**Record set**
== Segment start ==
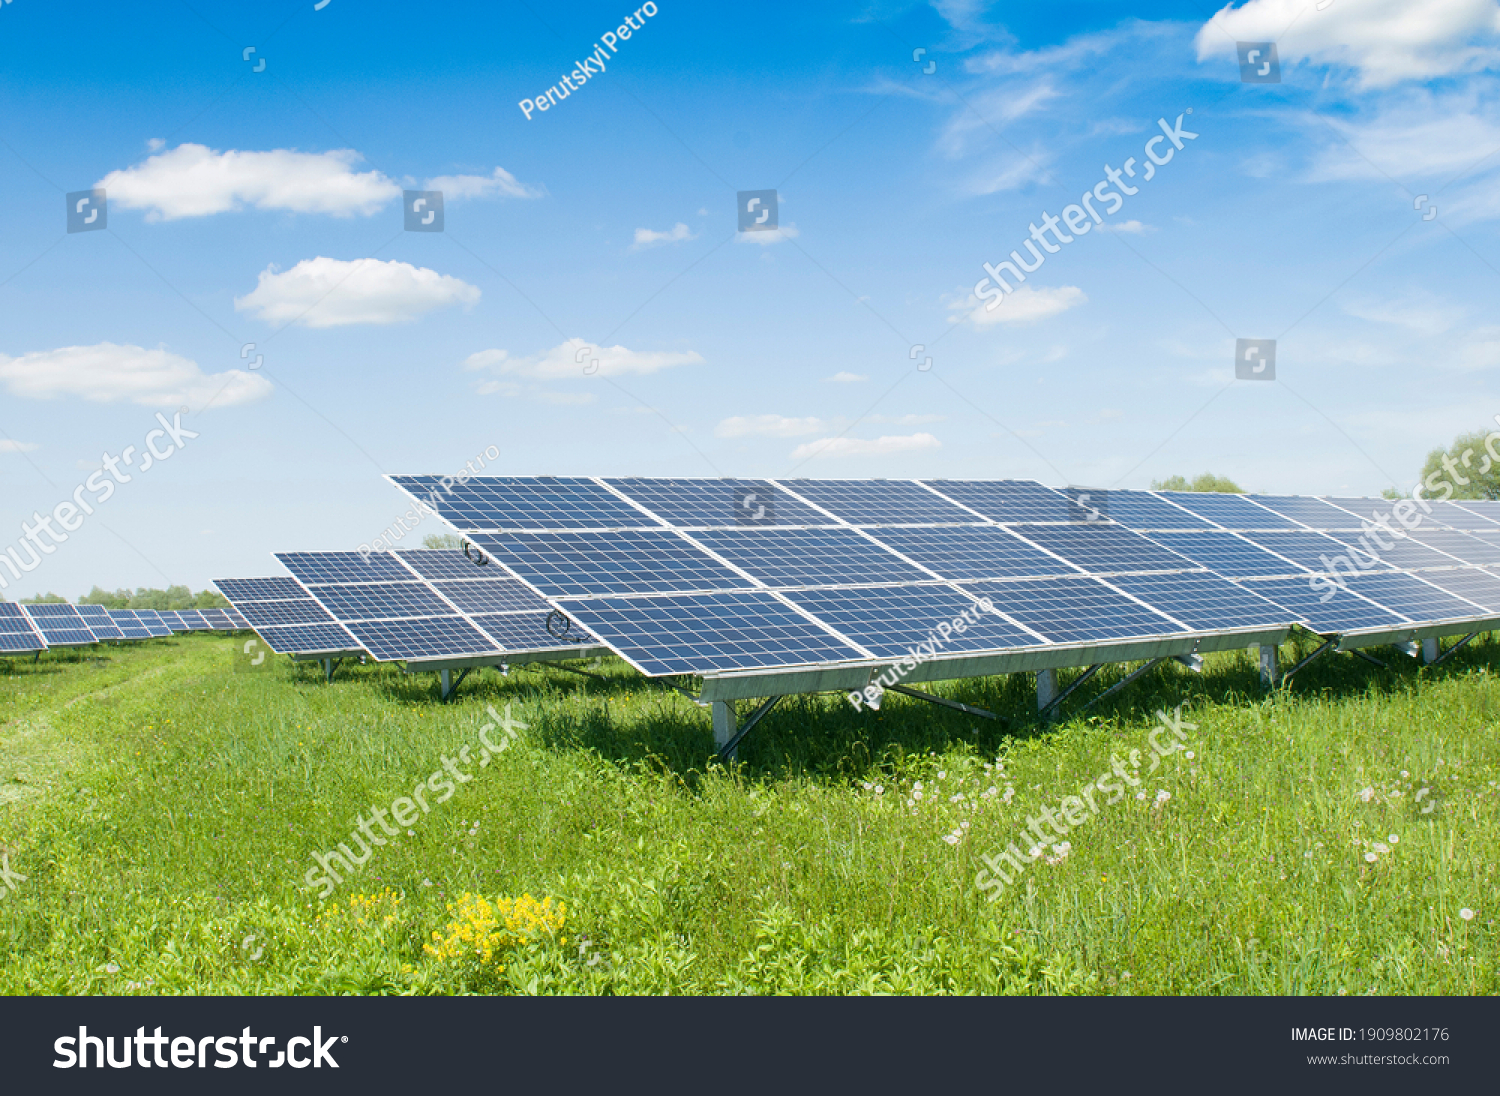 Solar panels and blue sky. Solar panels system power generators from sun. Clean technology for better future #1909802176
== Segment end ==
== Segment start ==
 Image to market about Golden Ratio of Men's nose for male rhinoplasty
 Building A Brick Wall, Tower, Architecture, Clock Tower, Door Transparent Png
== Segment end ==
**How to complete this task**
Leave out every line above except those from the line with "Image to market" up to and including the line with "Building A Brick", and copy those exactly.

**Task response**
 Image to market about Golden Ratio of Men's nose for male rhinoplasty
 Building A Brick Wall, Tower, Architecture, Clock Tower, Door Transparent Png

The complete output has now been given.